*What you have to do*
In the records below, find the line containing "Авито куплю телевизор" and the line containing "fotografia in scala". Give again exactly those lines and every line between them, omitting the pictures.

*Data for analysis*
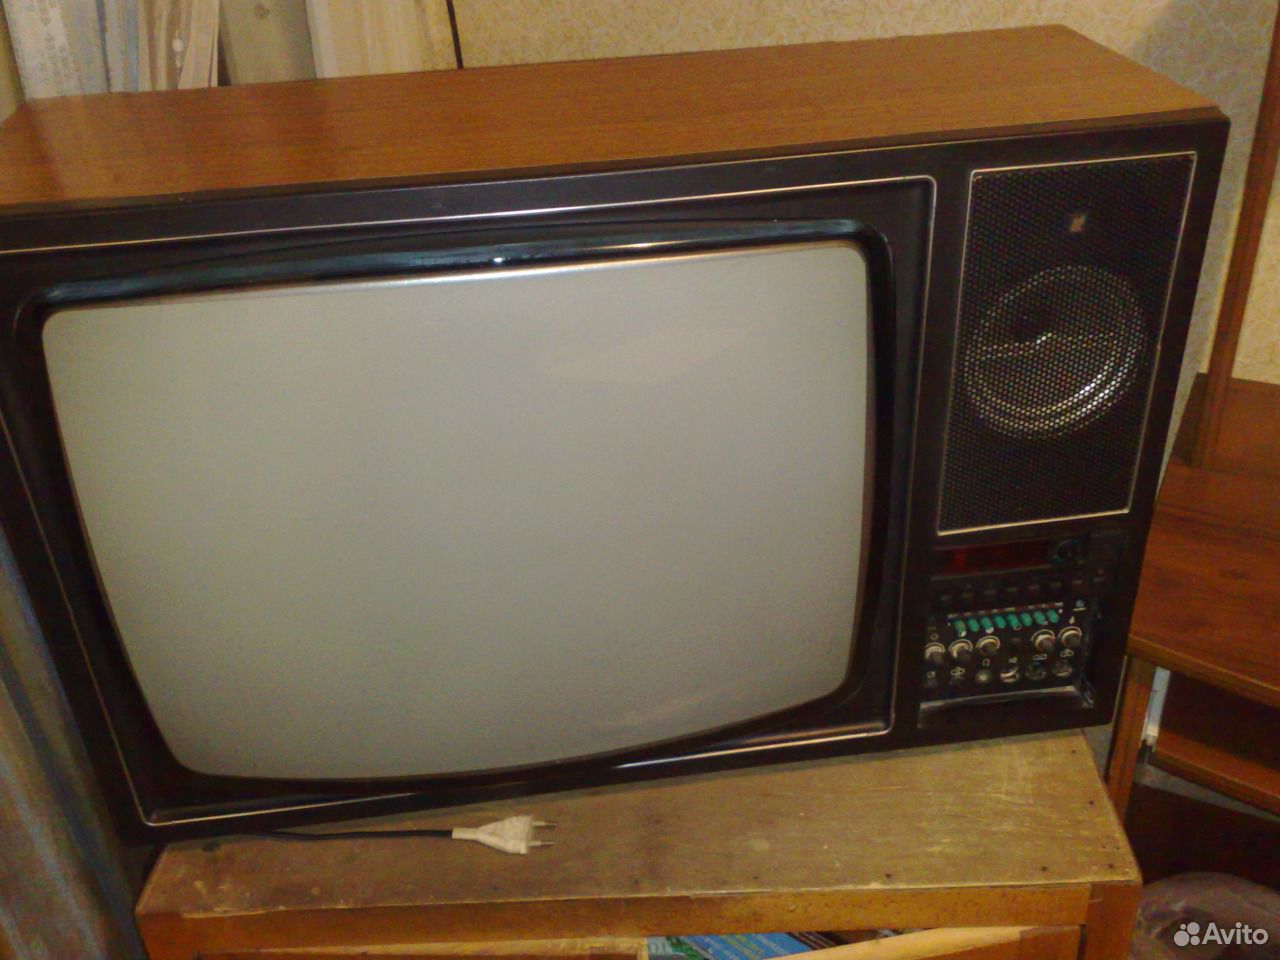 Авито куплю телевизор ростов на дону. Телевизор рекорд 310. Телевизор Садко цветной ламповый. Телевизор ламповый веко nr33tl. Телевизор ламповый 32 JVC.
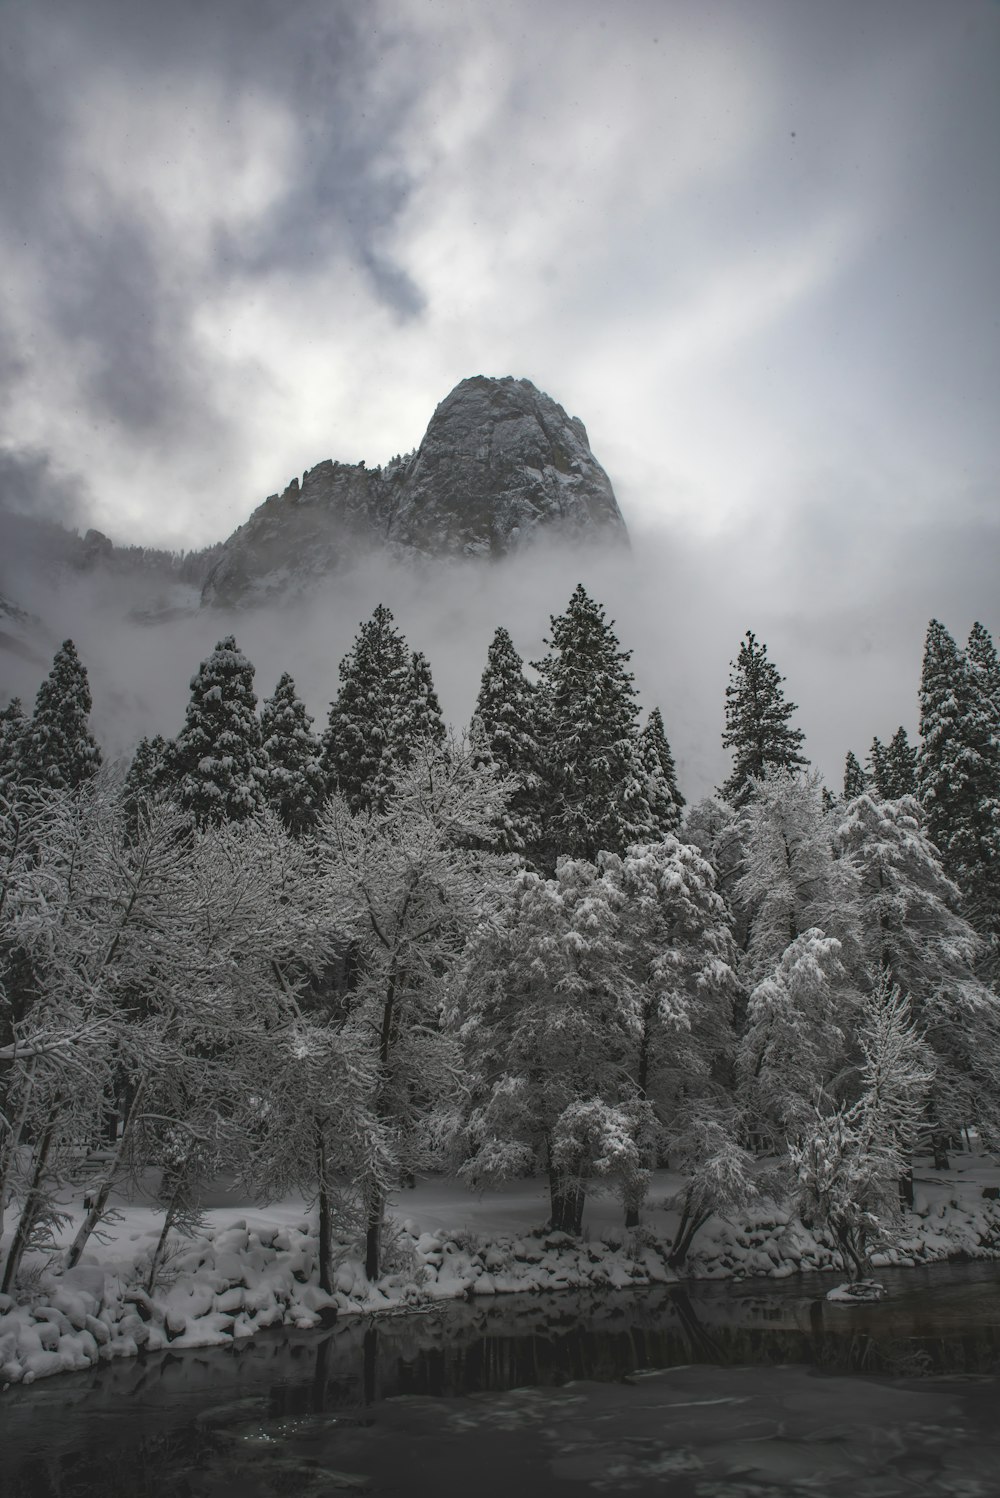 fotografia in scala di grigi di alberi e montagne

* * *

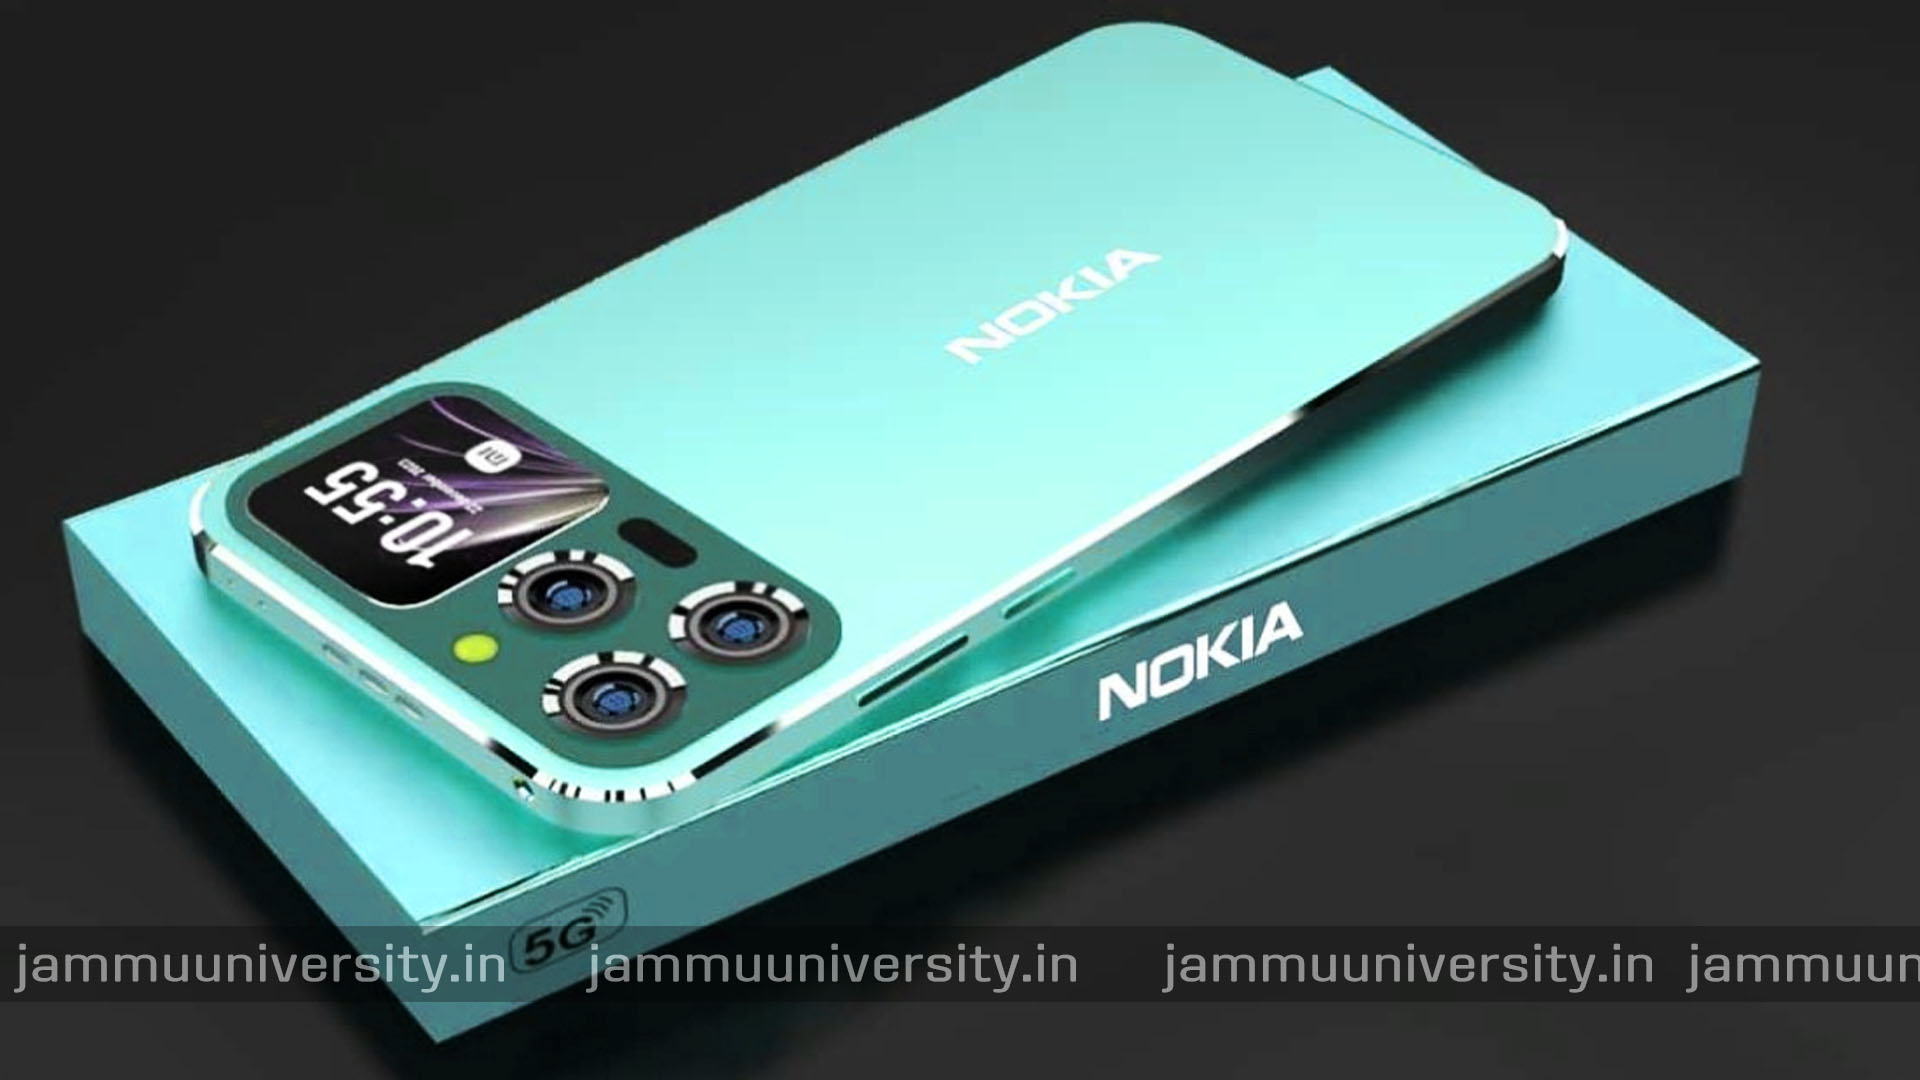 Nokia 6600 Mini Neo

* * *

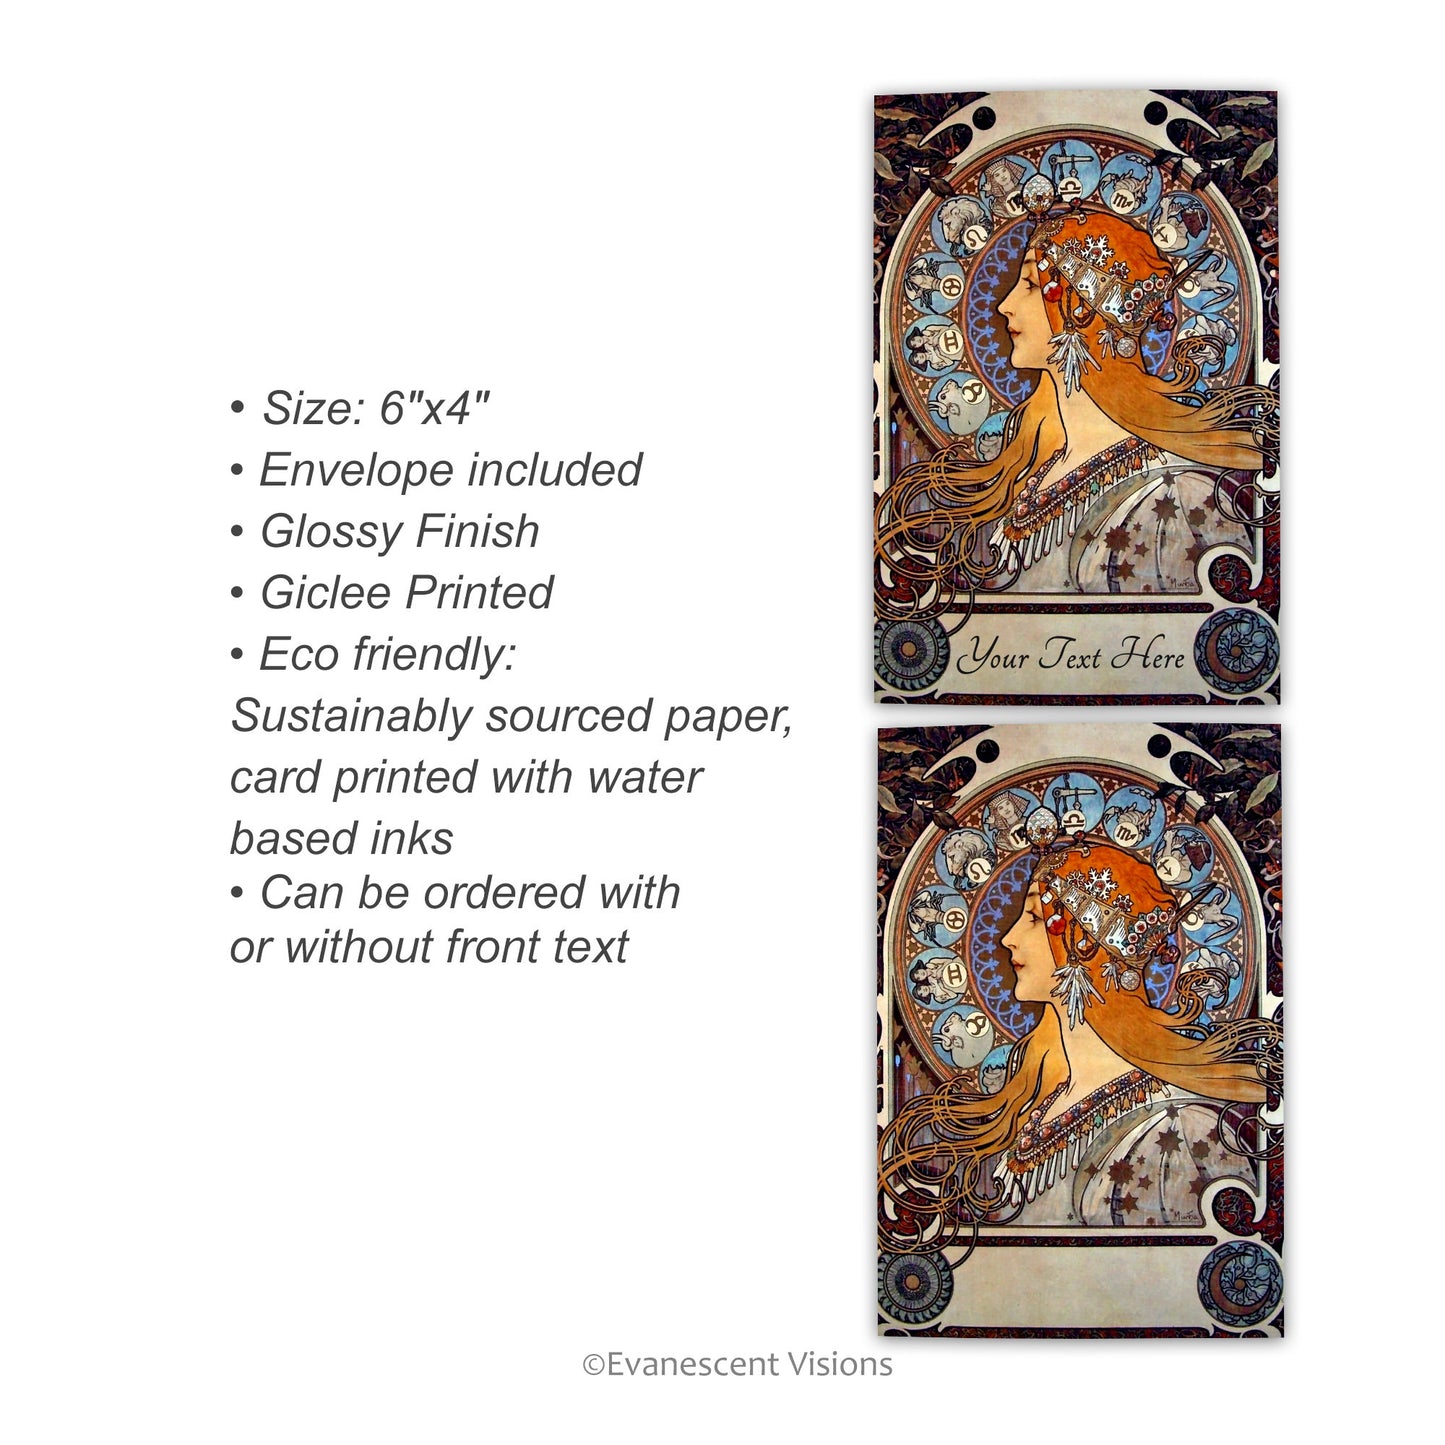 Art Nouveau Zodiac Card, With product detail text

*Result*
 Авито куплю телевизор ростов на дону. Телевизор рекорд 310. Телевизор Садко цветной ламповый. Телевизор ламповый веко nr33tl. Телевизор ламповый 32 JVC.
 fotografia in scala di grigi di alberi e montagne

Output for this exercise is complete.